We always talk about providing proactive insights to help customers save time and money, but that seems to be a dream of a previous pipe. Now, this is a significant possibility – we have the potential to provide insights that can be followed up to customers who will be transformational for their business.
Kelly Delaney (Savaas Learning): The problem is really the same, but the problem is truly difficult to do that we want to be part of the solution to now is within reach.
Collecting different forms of student data and provide significant feedback to teachers, or create curriculum depth to serve neurodivergen students – things that will require a very high pile of textbooks – now possible.
How do you use Pendo for Discovery on your AI trip?
Kelly Delaney (Savvas Learning): First, I have to say product discovery course Changing the way we think about ourselves as a product organization. We have seen funnels to understand the natural workflow, then determine where we can add AI solutions or the right product solutions in the natural path through our curriculum offer.
Alo Mukers (US Bank): Pendo is very important to us product discovery. This allows us to do faster things because this is a partner tool, helping us overcome the rules. We use it on the side of support and customer support for data about customer questions and all our tracking data, and we will immediately use Listen. Because Pendo has more AI features, this helps us become more advanced in our practice.
Do you measure AI features differently from traditional features?
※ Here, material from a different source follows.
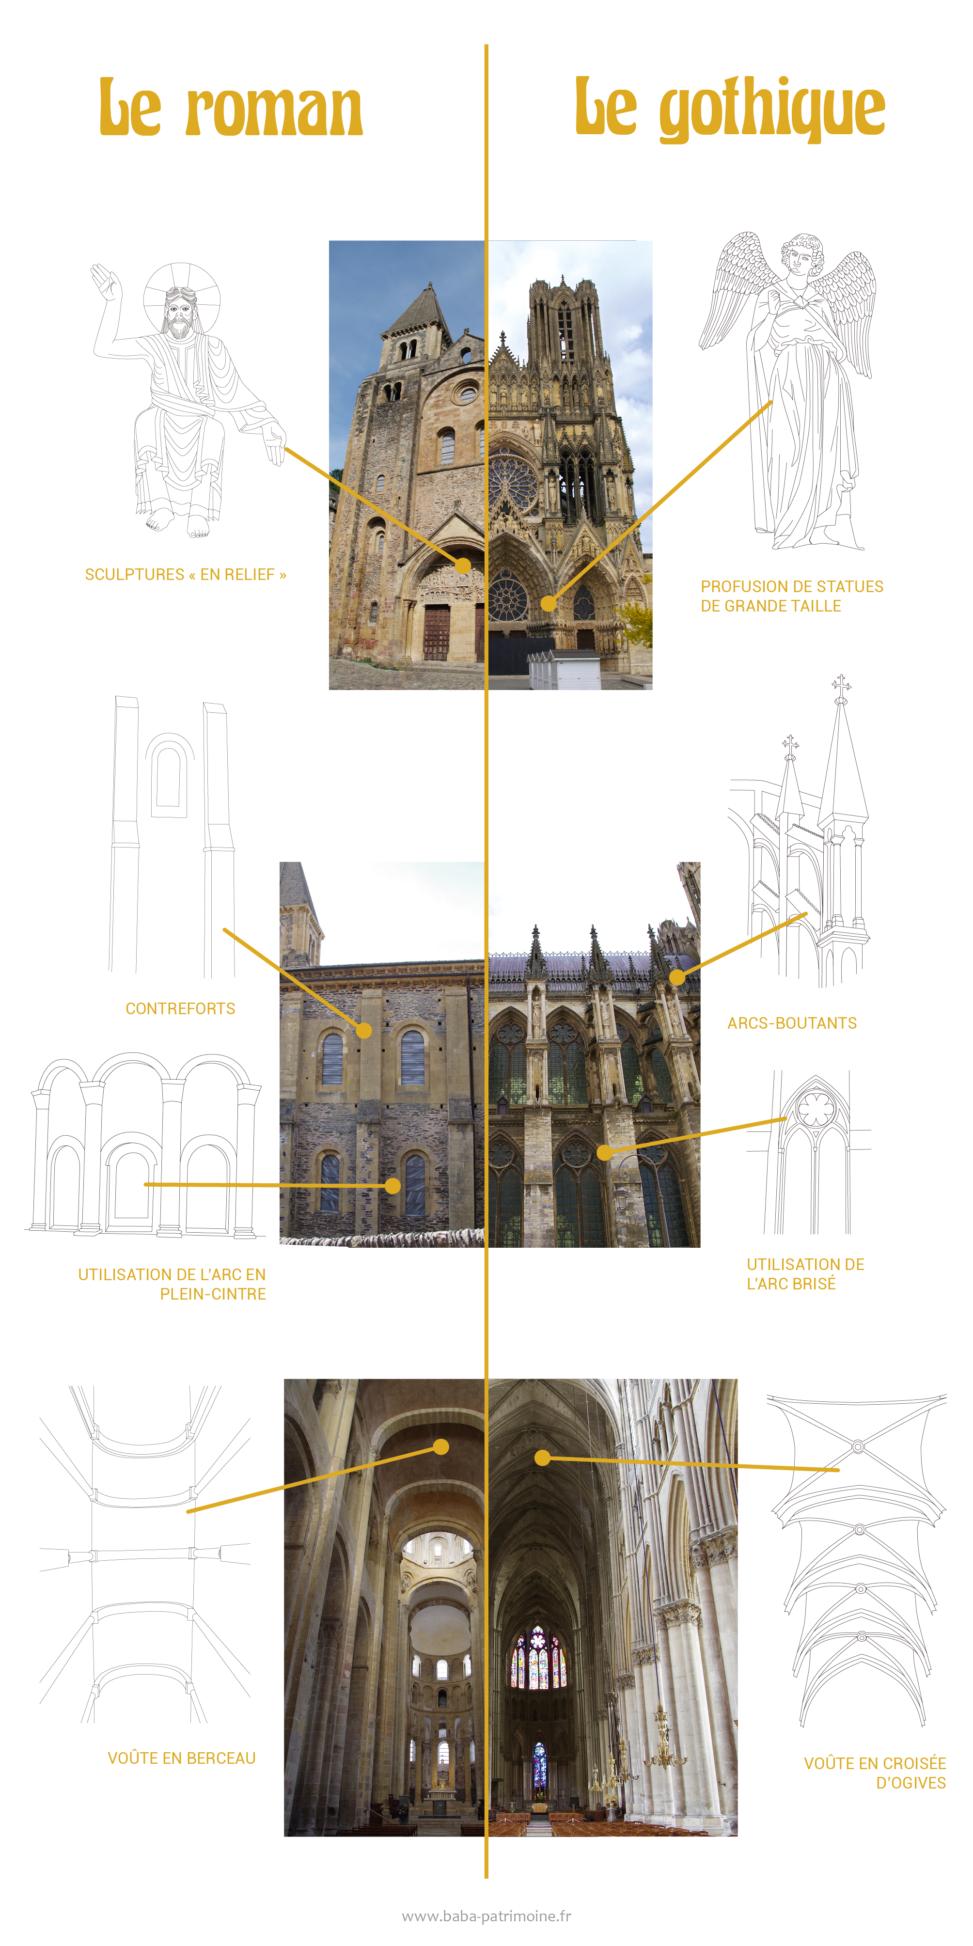 Comparaison des architectures romanes et gothiques en illustration.

Mike Cartels (Nasdaq): We use traditional metrics such as utilization, frequency, and how often the features are used, but we Really Trying to track the time that is stored specifically. Time is a valuable currency for any profession.
This is important because we have strong discipline to measure investment returns. We try to find out the monetization path. Is it good, better, or the best price? The price of the increase over time? Mandiri Module? We want to connect different revenues with our AI investment.
What are the suggestions that you will offer to the organization on their AI trip?
Mike Cartels (Nasdaq): First, regulating governance earlier, especially for regulated industries. Second, the power of technology is in the exponential path – things that you try three or four months ago that could not work may work now, so back and try again. Third, you will not find ideas to use AI if you don’t use it yourself. Experiment with chatgpt, confusion, or any llm in your personal life, then translate the experience to the customer’s value.
Kelly Delaney (Savvas Learning): Learn with your team and what kind of learning model it is. Share what you learn – Learning is collaborative. Prepare a chat room, task force, and share. Don’t be afraid to try new things and modeling lack of fear. We are all in the starting line, so surround yourself with people with intellectual curiosity and study together.
Alo Mukers (US Bank): Focus on where customer value is, even in the case of internal use. When Ai feels extraordinary, focus on what will help customers, and the rest will come.